Antes de la fiebre NFT existían genealogías críticas de arte y tecnología: hacktivismo, software art, movimientos D.I.Y. y redes P2P de conocimiento abierto. Su sentido era subvertir, no patrimonializar. Planteaban una comunidad de códigos. El tokenizado presente borra ese legado y reescribe la historia reciente para legitimar su evangelio: “nada tuvo valor hasta que llegó la cadena de bloques”. Reivindico, pues, una arqueología de prácticas que desbordan la lógica de la propiedad: repositorios autogestionados, licencias Creative Commons, laboratorios comunes o bibliotecas P2P que comparten datasets, no dividendos.

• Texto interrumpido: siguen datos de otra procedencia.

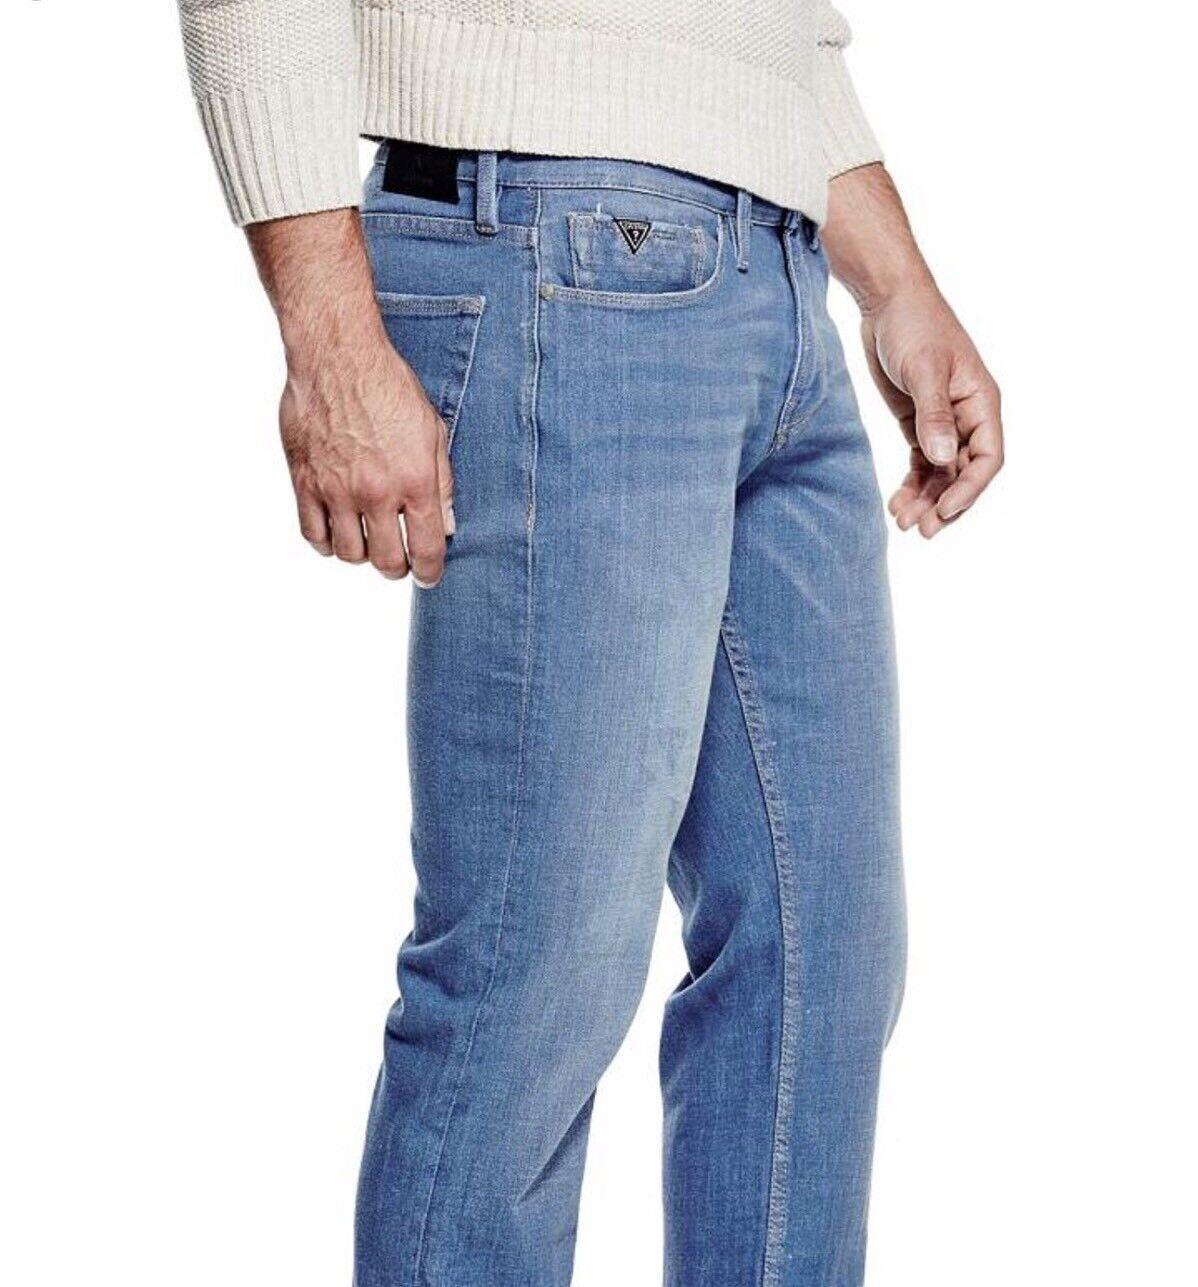 Guess Men's Slim Straight Jeans Max Stretch Super Comfort Denim In bluee 29
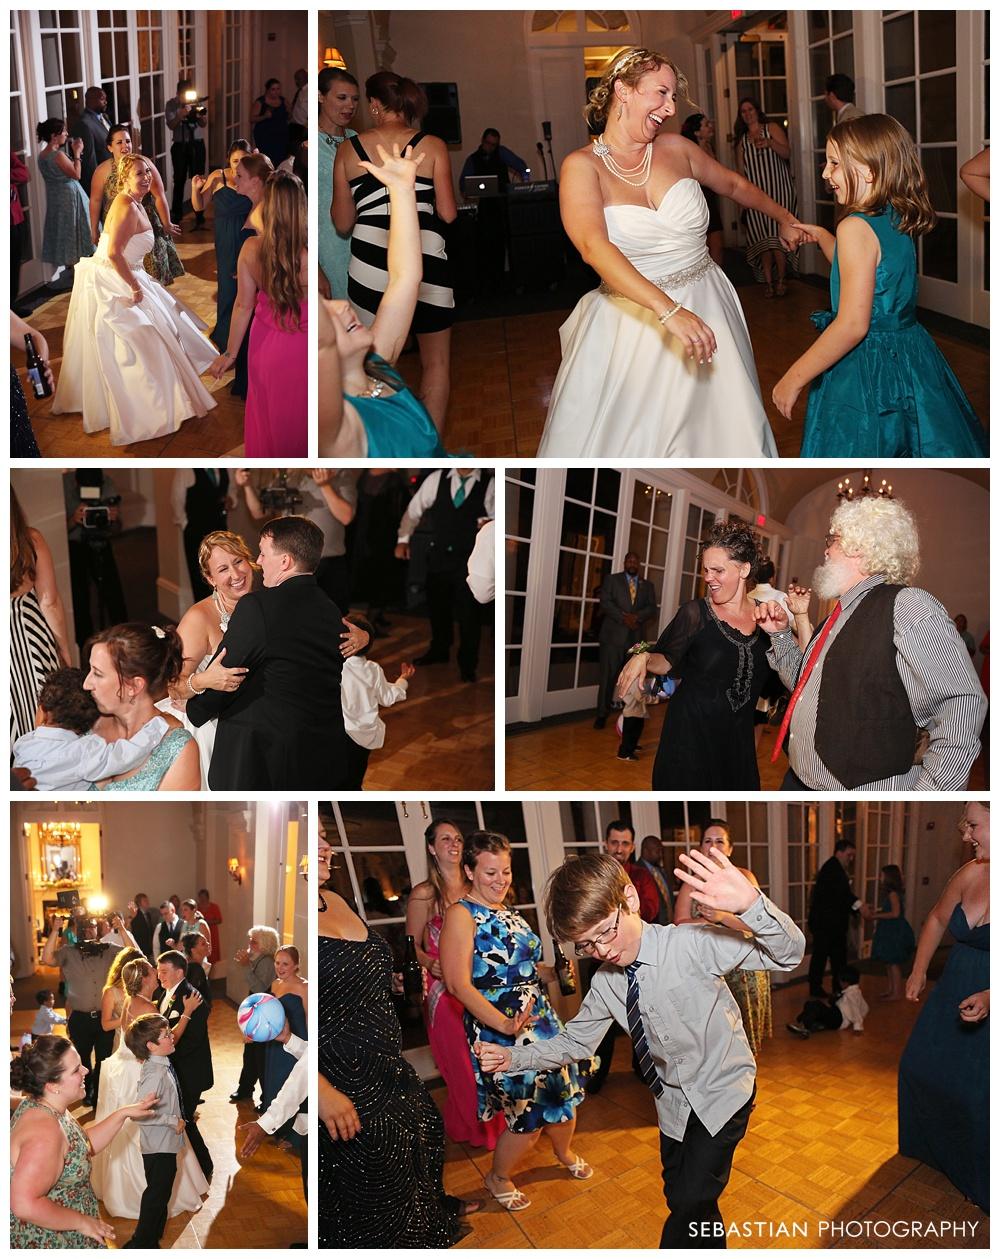 Sebastian_Photography_Wadsworth_Mansion_Wedding_Pictures_CT_56.jpg

Ese horizonte, más cercano a las pedagogías críticas que a la banca de inversión, mantiene vivo el proyecto emancipador de la cultura digital.
El reto de nuestra época no es dotar al arte de certificados criptográficos, sino preservar su capacidad de imaginar otras formas de vida, desbloqueadas, libres y sobre todo, comunes.
Desenchufar la blockchain del imaginario artístico no significa repudiar toda tecnología. Significa, más bien, recuperar la capacidad de imaginar infraestructuras distintas: redes basadas en la confianza, no en la criptografía del miedo; economías de la abundancia, no de la escasez simulada; archivos vivos, no bóvedas tokenizadas. Significa reconquistar la dimensión política del arte digital, su potencial de interpelar al presente, de cuestionar quién controla los protocolos que ordenan nuestra atención, nuestros cuerpos y nuestras emociones. La técnica seguirá reconfigurando la esfera estética; la cuestión es bajo qué ética y para quién. Si la blockchain solo nos ofrece nuevas cadenas de algoritmos, invisibles, vendidas como libertad, quizá sea hora de buscar otras arquitecturas. Hay más mundo que mercado, más comunidad que token y, sobre todo, más futuro que el que la especulación financiera está dispuesta a registrar en su ledger.
La crítica cultural no puede limitarse a denunciar la huella energética ni la burbuja económica; debe señalar la captura del deseo creativo por parte de narrativas corporativas que convierten la promesa de descentralización en negocio centralizado. Allí donde tantos ven un nuevo Renacimiento digital, yo observo una cadena de humo: brilla, pero se desvanece. El reto de nuestra época no es dotar al arte de certificados criptográficos, sino preservar su capacidad de imaginar otras formas de vida, desbloqueadas, libres y sobre todo, comunes.